DUNDEE : PARKING METERS

The parking meter was invented in 1935 by Carl C. Magee in Oklahoma City and first made an appearance in Dundee in 1961.


The parking meter, ubiquitous to Dundee, is known as the Duncan meter and is the product of American toy company owner Donald Duncan, who other claim to fame is the Duncan Yo-Yo.


When Dick Lemmer, then chief of protection services, arrived in Dundee in 1994 there were approximately one hundred (mostly out of order) parking meters lining the streets of the town. Lemmer was responsible for refurbishing the existing meters and ordering an extra three-hundred second hand ones from Pietermaritzburg and Vryheid.

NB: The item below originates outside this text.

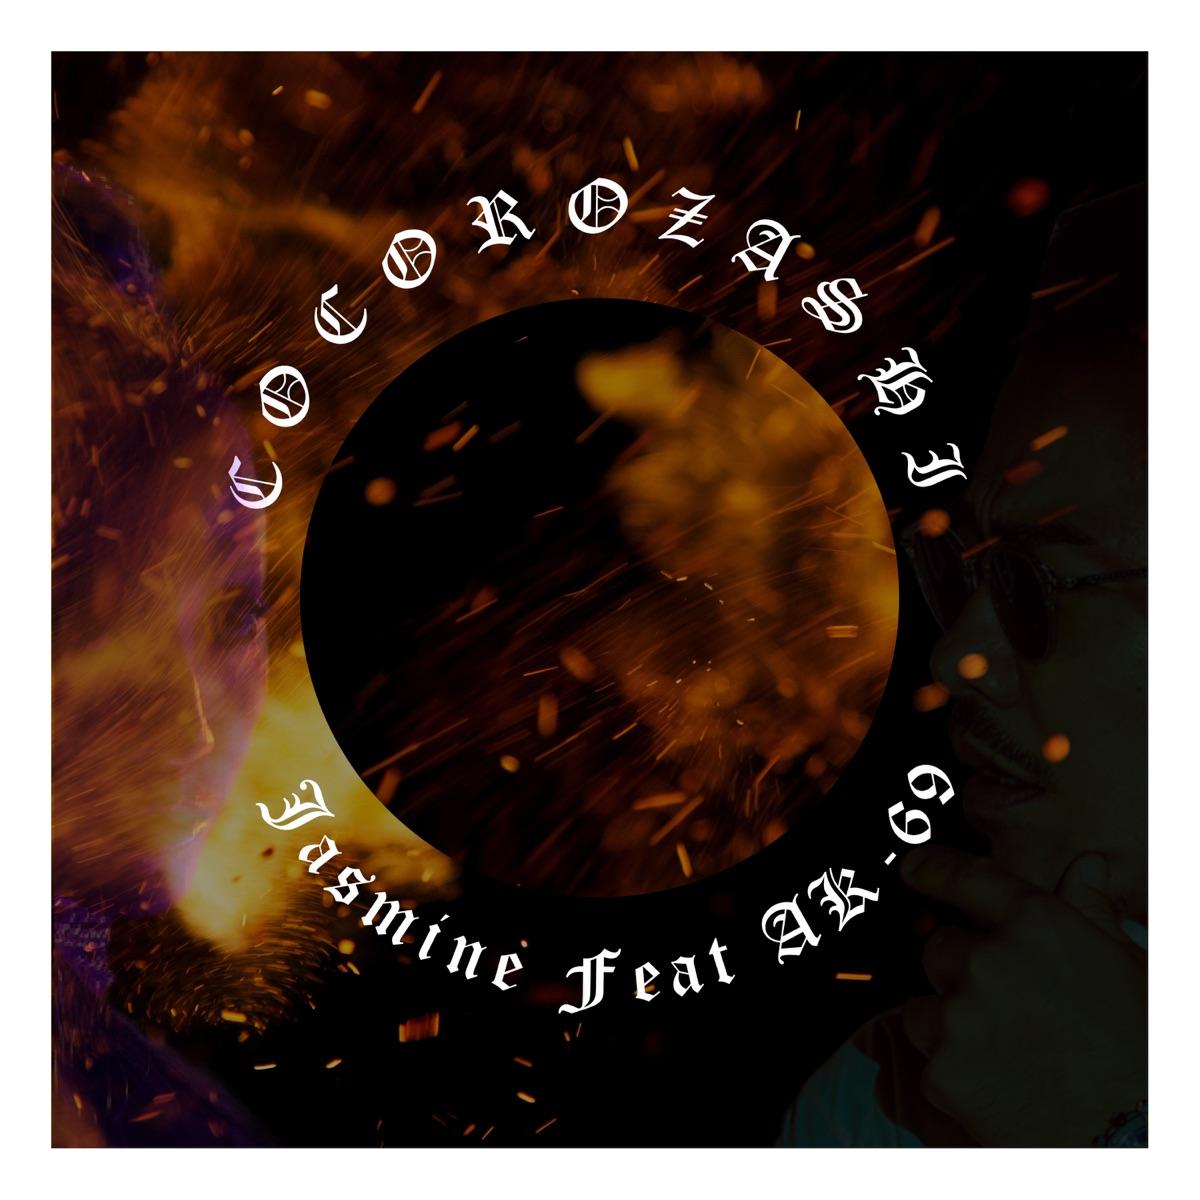 『JASMINECOCOROZASHI feat. AK-69』収録の『COCOROZASHI feat. AK-69』ジャケット

Presently one is more likely to find the vintage Duncan selling on e-bay (for around $70) or gathering dust on museum shelves, which makes Dundee a sort of living museum to this glorious (or nefarious, if you happen to be the citizen regularly faced with pink fines slapped across the windscreen) old traffic technology.


With this is mind, we set out to draw attention to the anachronistic meter through a series of improvisations with the Siwela Sonke dancers.


Trawling the streets one evening, the performers dressed in historical costume (designs inspired by our collage characters from previous workshops) and armed with a multitude of LED touch lights, strips of meters were magically, and momentarily, illuminated, serving as impassive partners to our animated dancers.


The following day the editor of local newspaper The Courier reported that he had received a few concerned phone calls from residents enquiring if the intervention had anything to do with Jacob Zuma’s visit to commemorate the battle of Isandhlawana the following day.